An index of our dispositions is afforded by the pleasure or pain that accompanies our actions. A man is temperate if he abstains from bodily pleasures and finds this abstinence itself enjoyable, profligate if he feels it irksome; he is brave if he faces danger with pleasure or at all events without pain, cowardly if he does so with pain.

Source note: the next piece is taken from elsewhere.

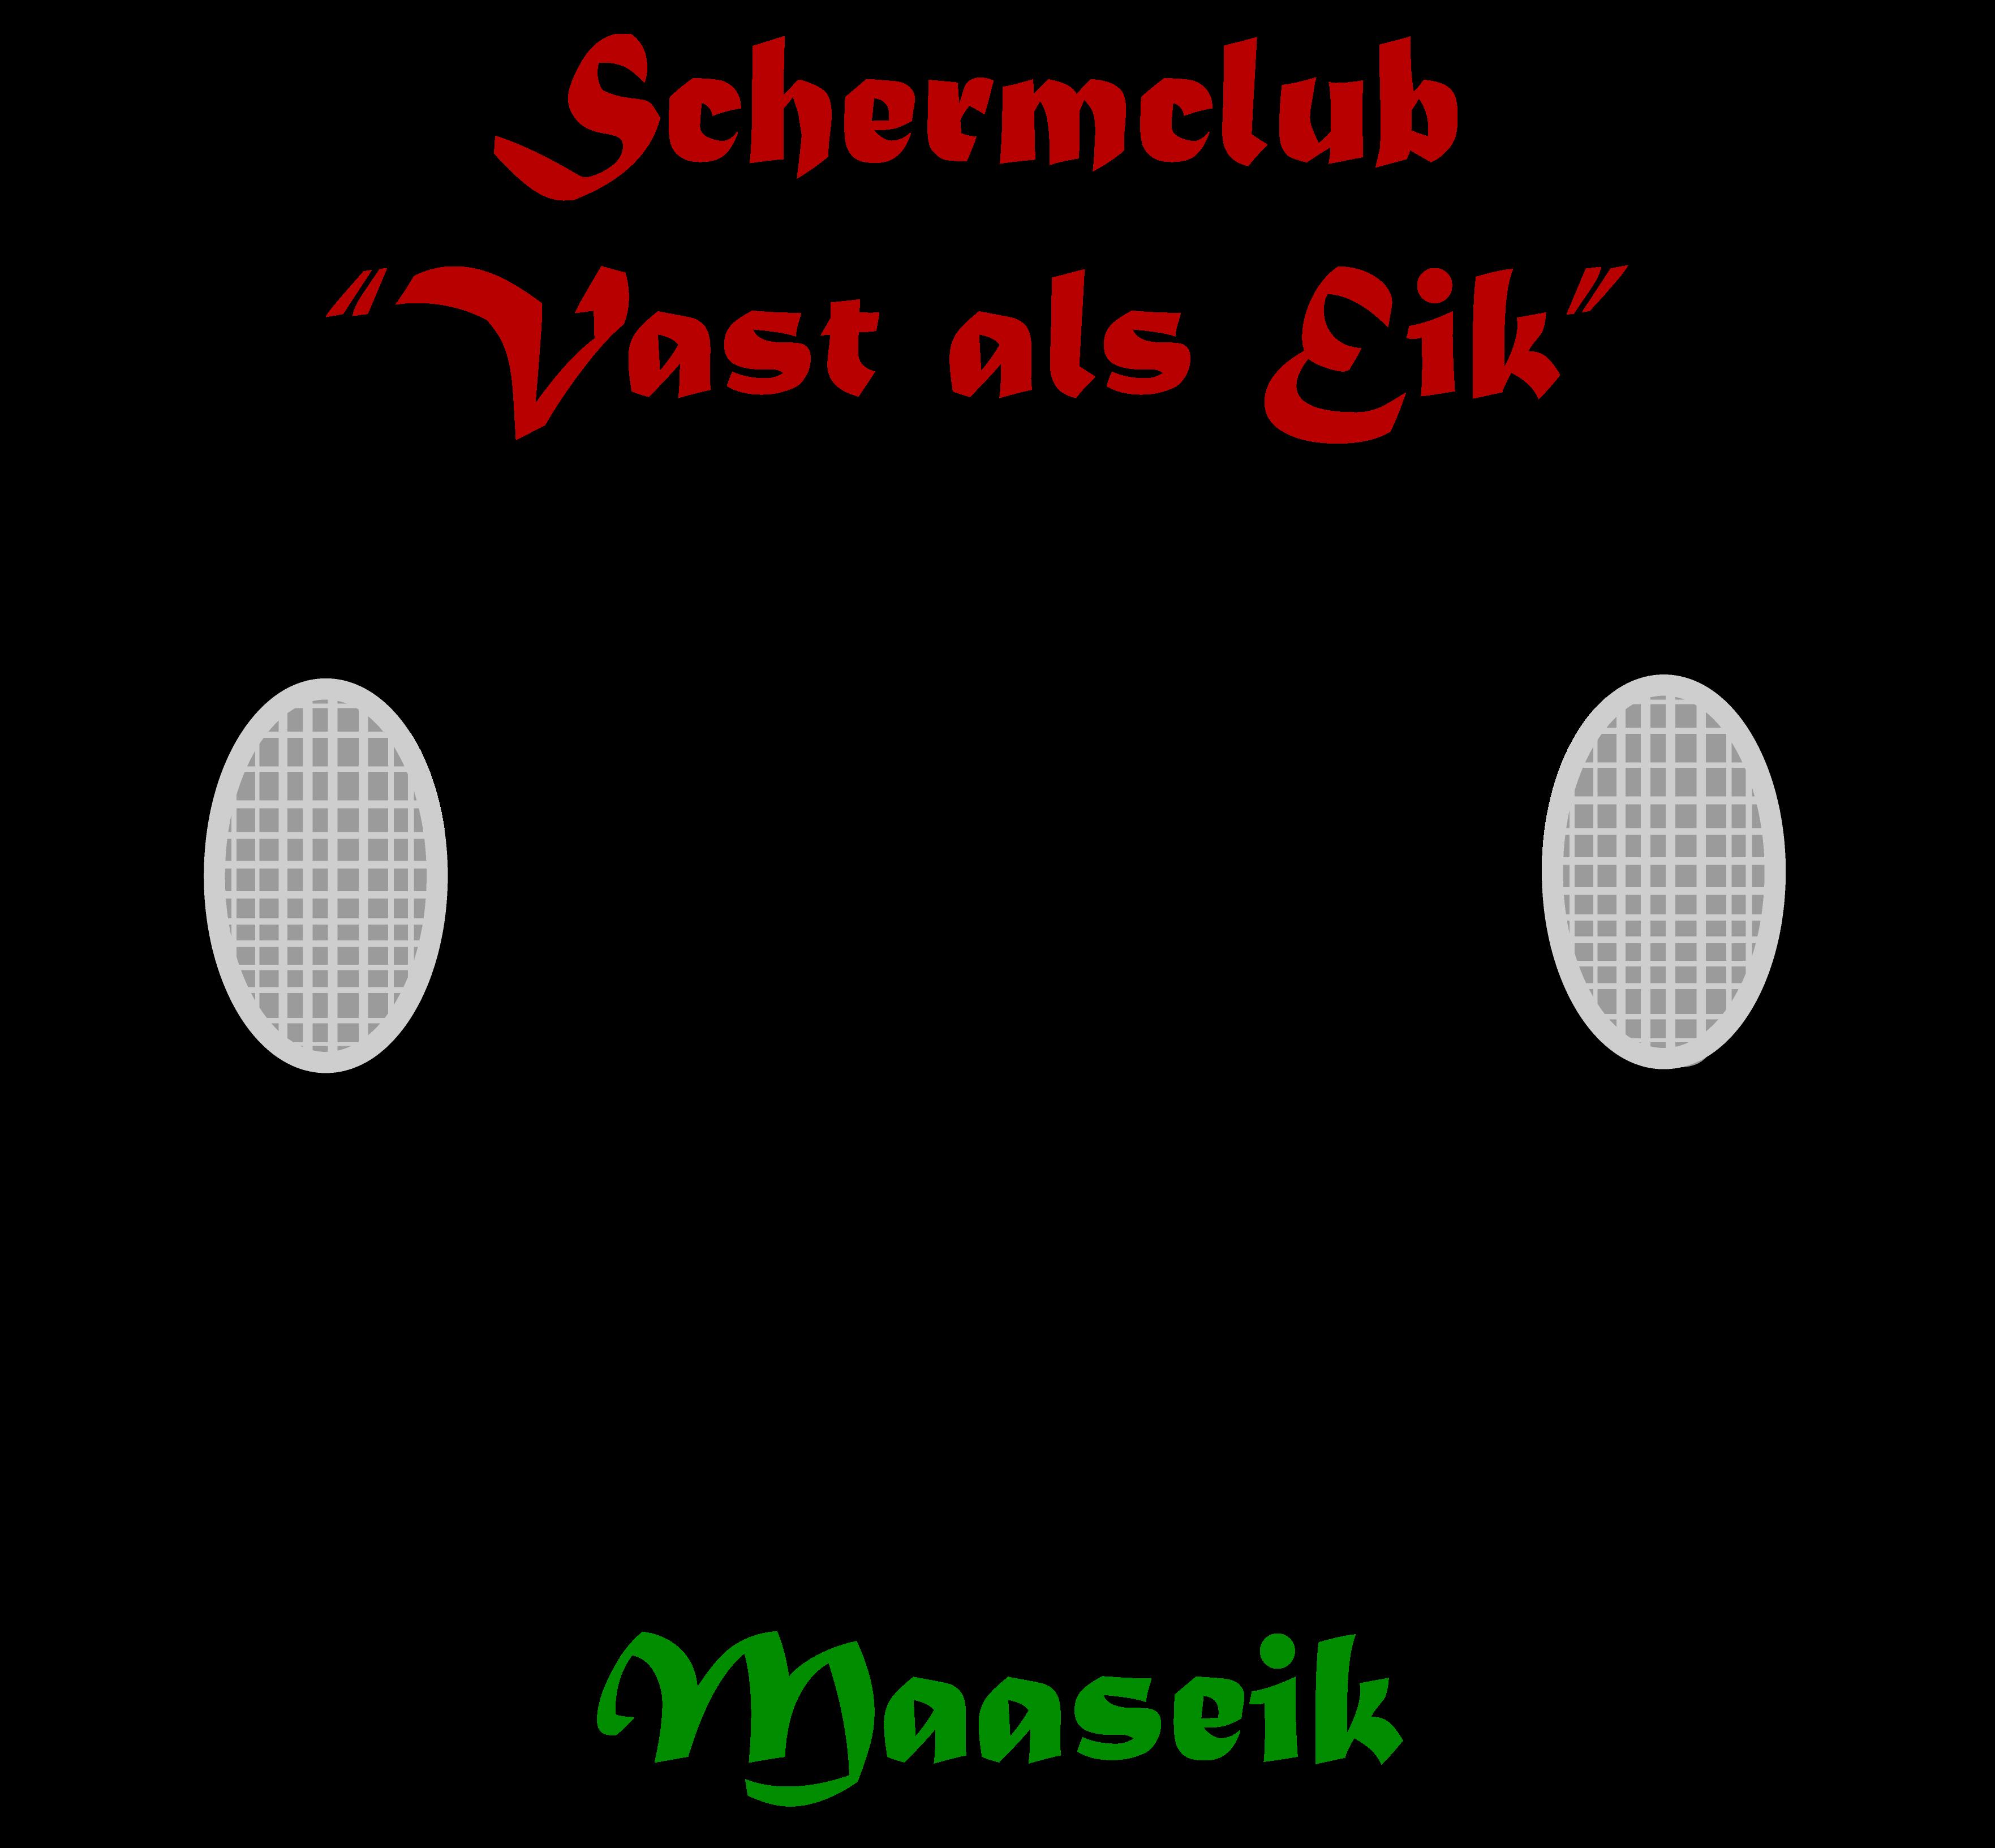 Schermclub 'Vast als Eik' Maaseik

In fact pleasures and pains are the things with which moral virtue is concerned.

For (1) pleasure causes us to do base actions and pain cause us to abstain from doing noble actions. 3. [2] Hence the importance, as Plato points out, of having been definitely trained from childhood to like and dislike the proper things; this is what good education means.3. [3]

(2)Again, if the virtues have to do with actions and feelings, and every action is attended with pleasure or pain, this too shows that virtue has to do with pleasure and pain.3. [4]

(3) Another indication is the fact that pain is the medium of punishment; for punishment is a sort of medicine, and the nature of medicine to work by means of opposites.1 3. [5]

(4)Again, as we said before, every formed disposition of the soul realizes its full nature2

1 The contrary maxim to similia similibus curantur or homoeopathy. Fever, caused by heat, is cured by cold, hence if the remedy for wickedness is pain, it must have been caused by pleasure.

2 i.e., is actively exercised when fully developed, cf. 2.8.